Summary and conclusion

This study represents the most comprehensive evaluation of bruchid resistance in wild pigeonpea, involving 68 accessions from multiple gene pools screened against three destructive species namely C. analis, C. chinensis, and C. maculatus. Notably, this is the first systematic screening including C. analis, a neglected yet highly destructive species. Seed damage (SD)- resistance categorization proved more reliable than susceptibility index (SI) for identifying true resistant donors. Across three screening conditions resistance varied significantly, with Rhynchosia bracteata (IC15815, IC15816, IC15817 and IC618509) consistently exhibiting stable, convergent highly resistant reactions across all species and conditions. Several C. scarabaeoides accessions also resistance, especially to C. chinensis and C. maculatus, though reactions were less stable against C. analis.

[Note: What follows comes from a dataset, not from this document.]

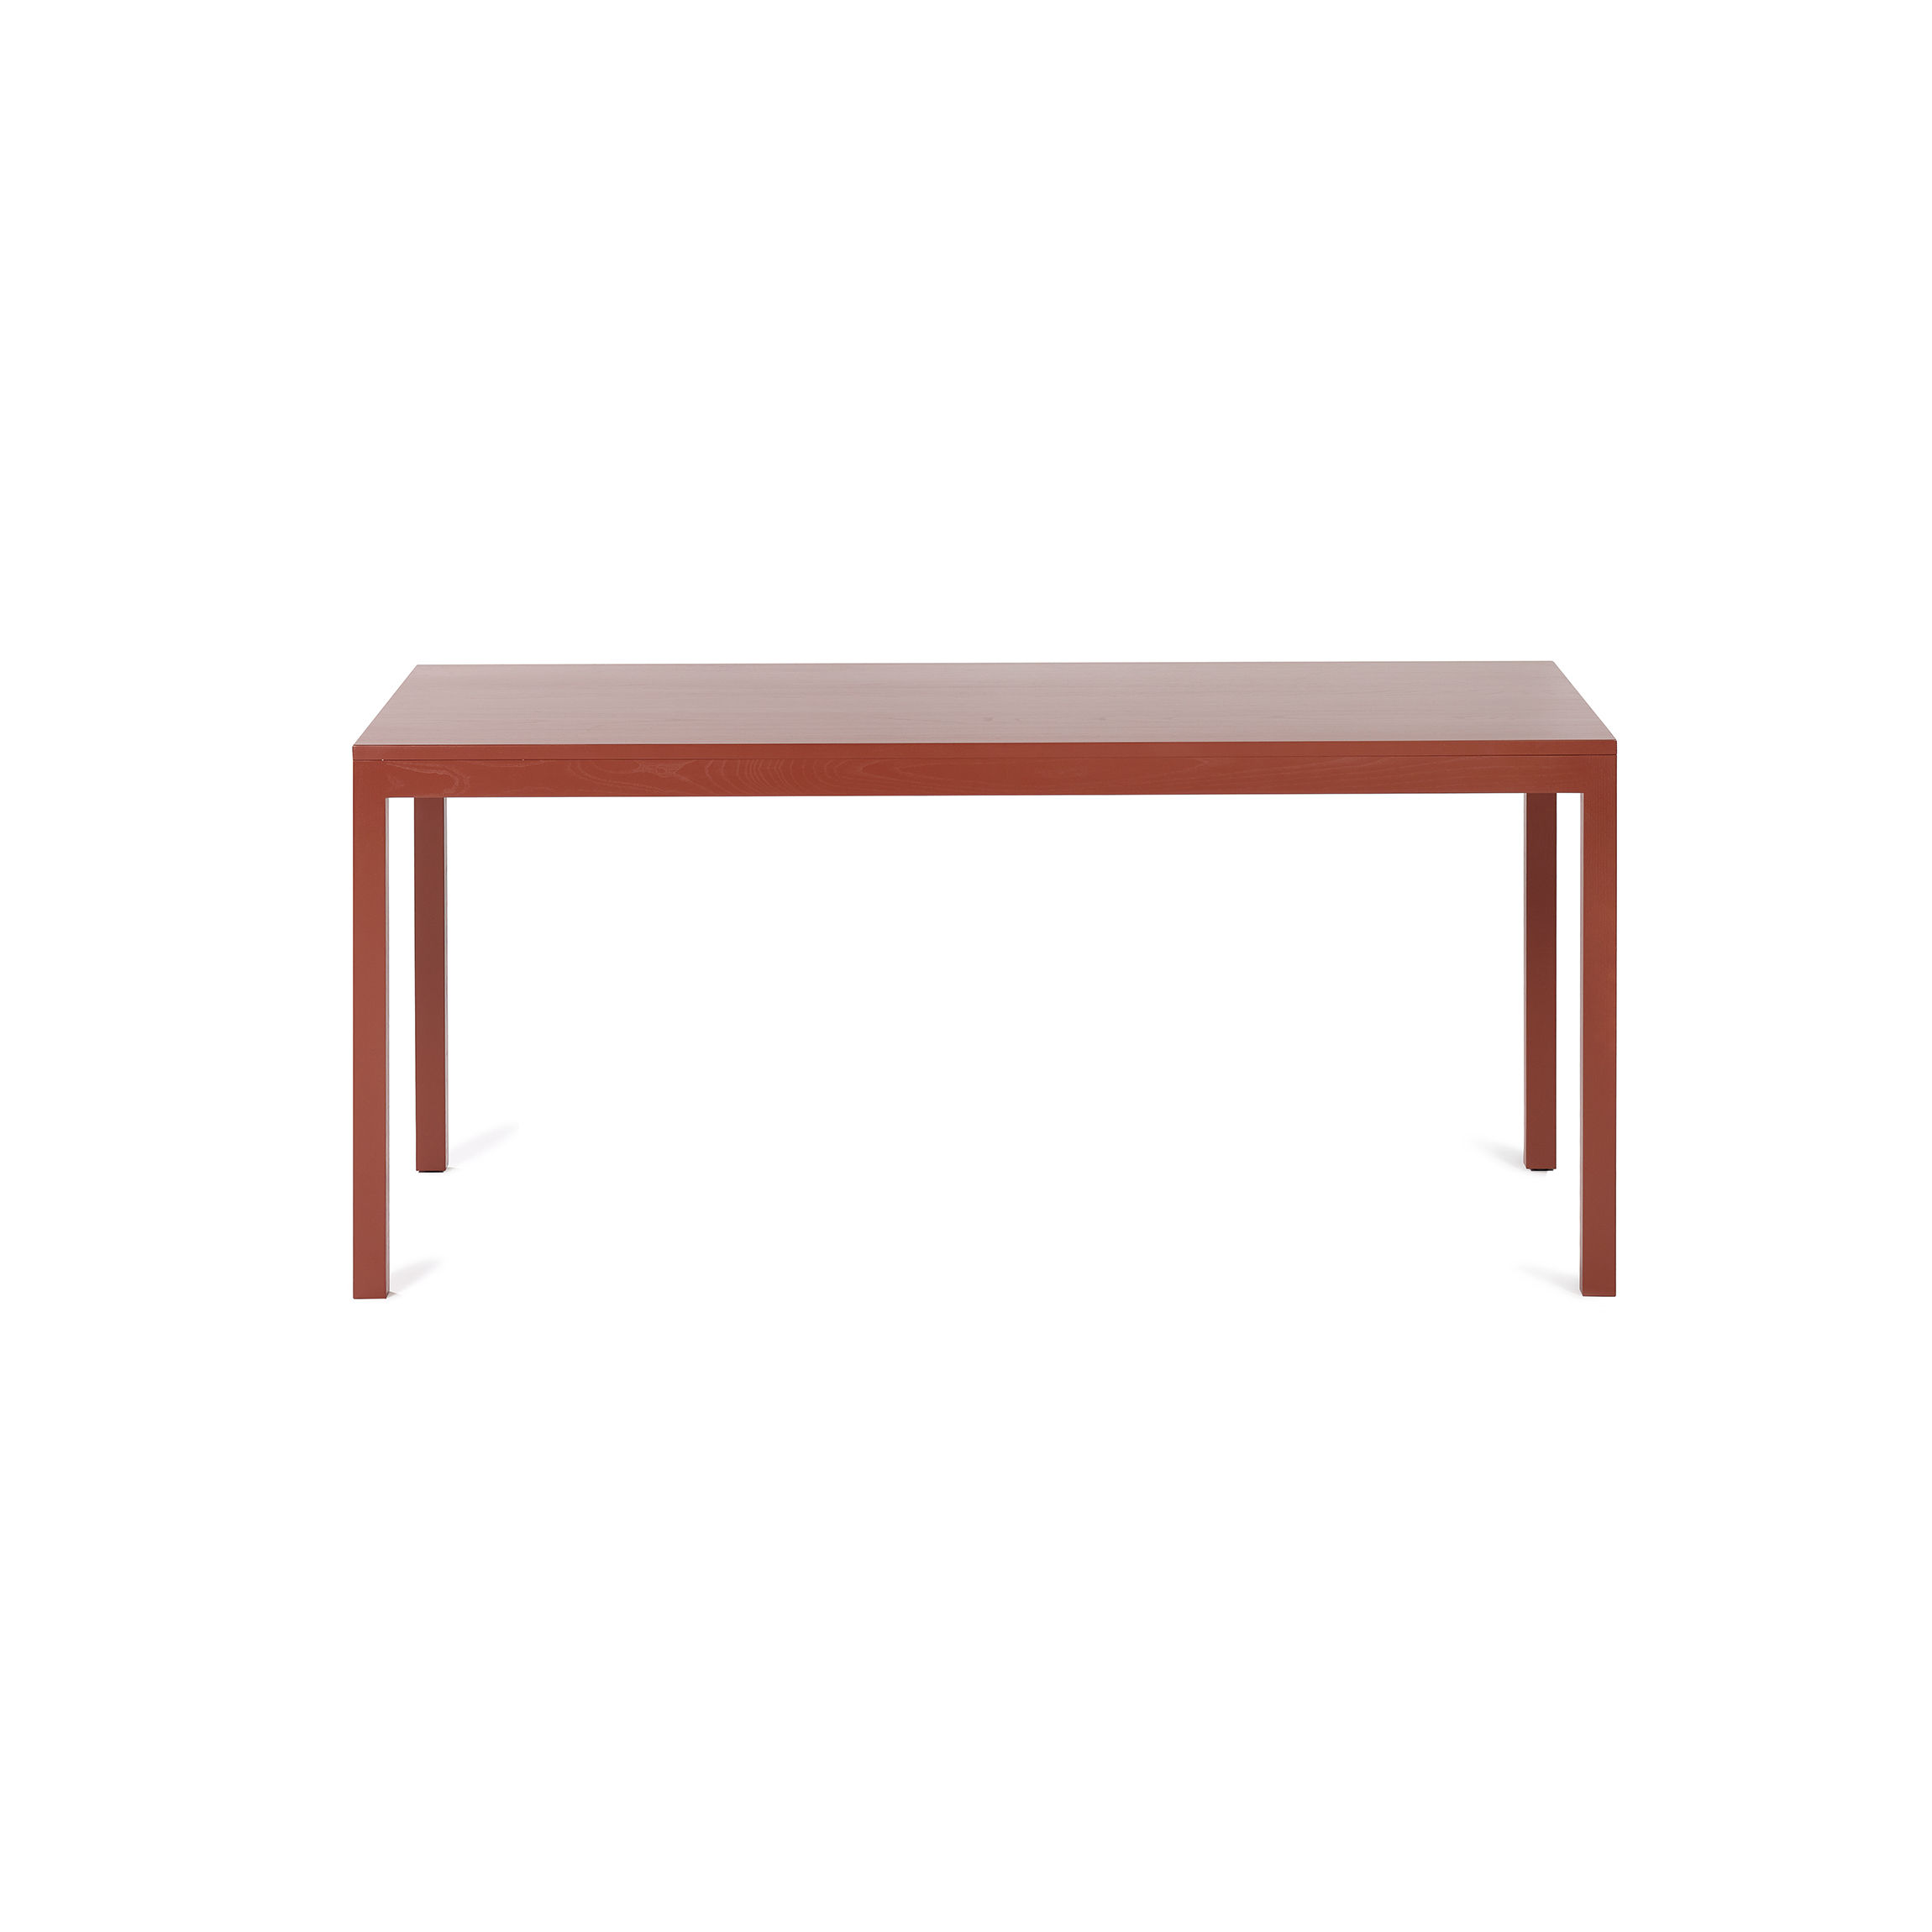 lehm - Made Silent In | Design valerie von Tisch objects Small rechteckiger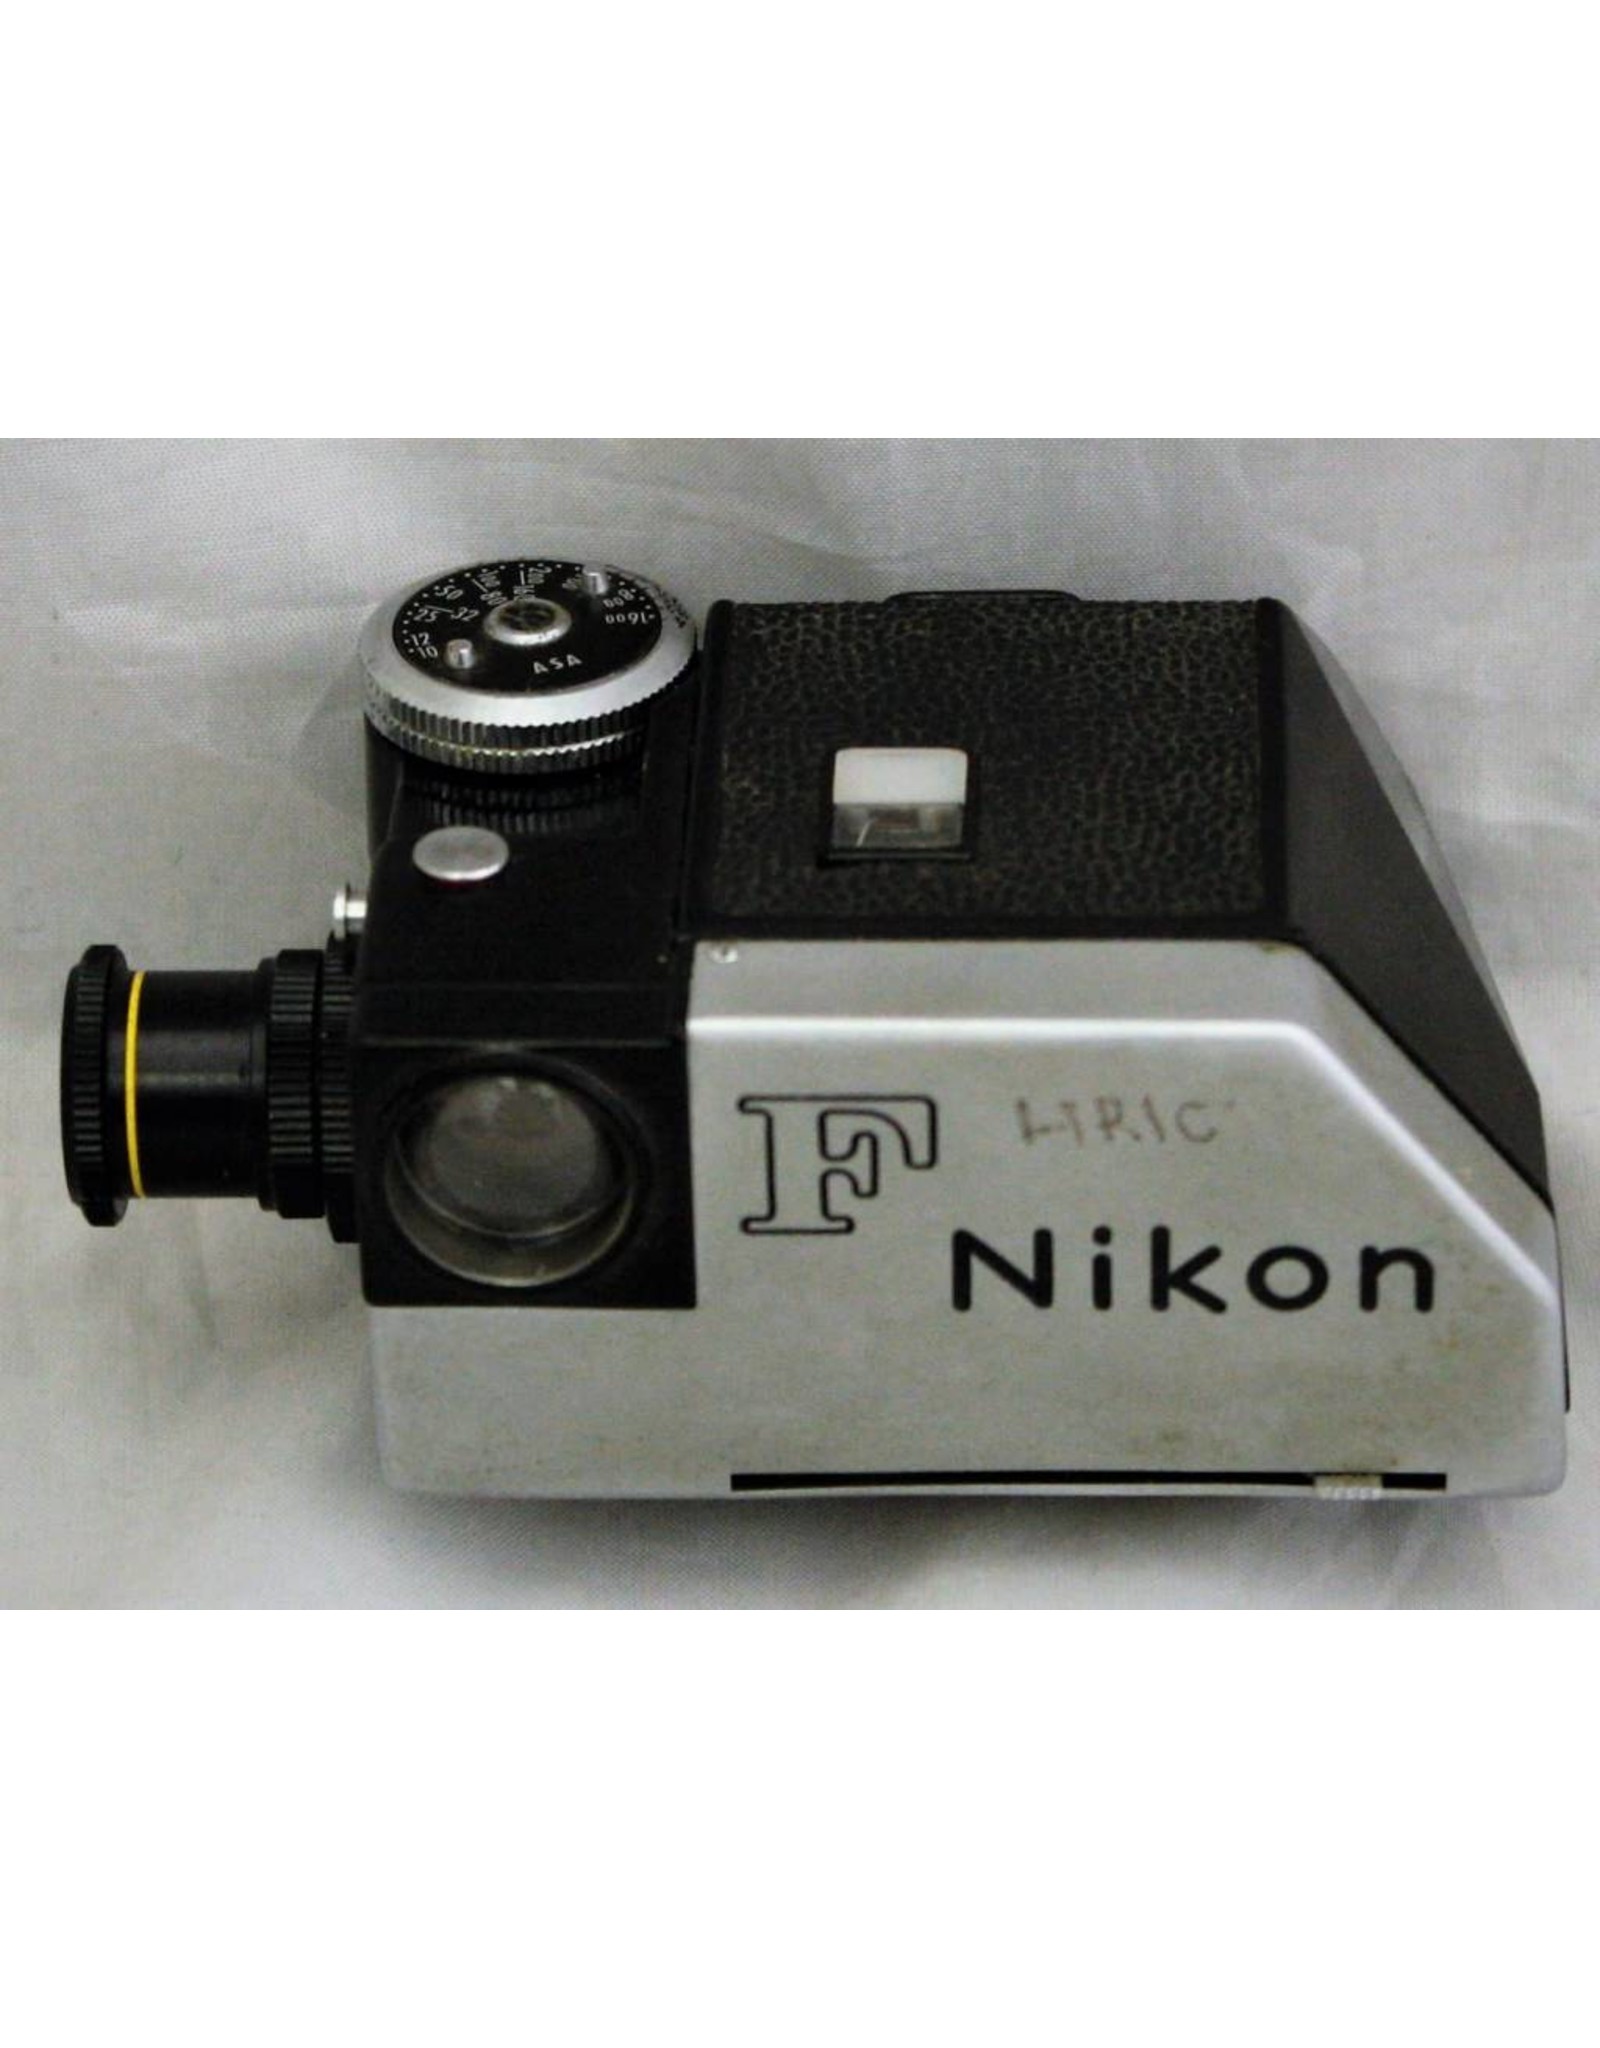 Nikon Nikon F Photomic Prism (2nd Version) Chrome (Meter Not working)

Advanced analyses confirmed that seed damage, adult emergence, and developmental period as the strongest predictors of resistance. MANOVA, ANOVA, correlation funnels, and machine learning consistently highlighted antibiosis as the dominant mechanism, with antixenosis contributing mainly against C. maculatus.. FAMD and clustering further confirmed biologically meaningful grouping of accessions, strengthened by biochemical traits suc as phenols and tannins which showed strong negative correlations with susceptibility. Collectively, this study identifies R. bracteata as a robust multi-species resistance donor and C. scarabaeoides as a species-specific source, establishing both as invaluable resources for developing bruchid-resistant cultivars. It also highlights integrating traditional screening with advanced analytical tools strengthens donor identification pipelines and accelerates targeted breeding for durable resistance in pigeonpea..

Funding statement

The authors are highly grateful to Indian Institute of Pulses Research (IIPR), Kanpur under Indian Council of Agricultural Research (ICAR), New Delhi, for in-house funding support during the study.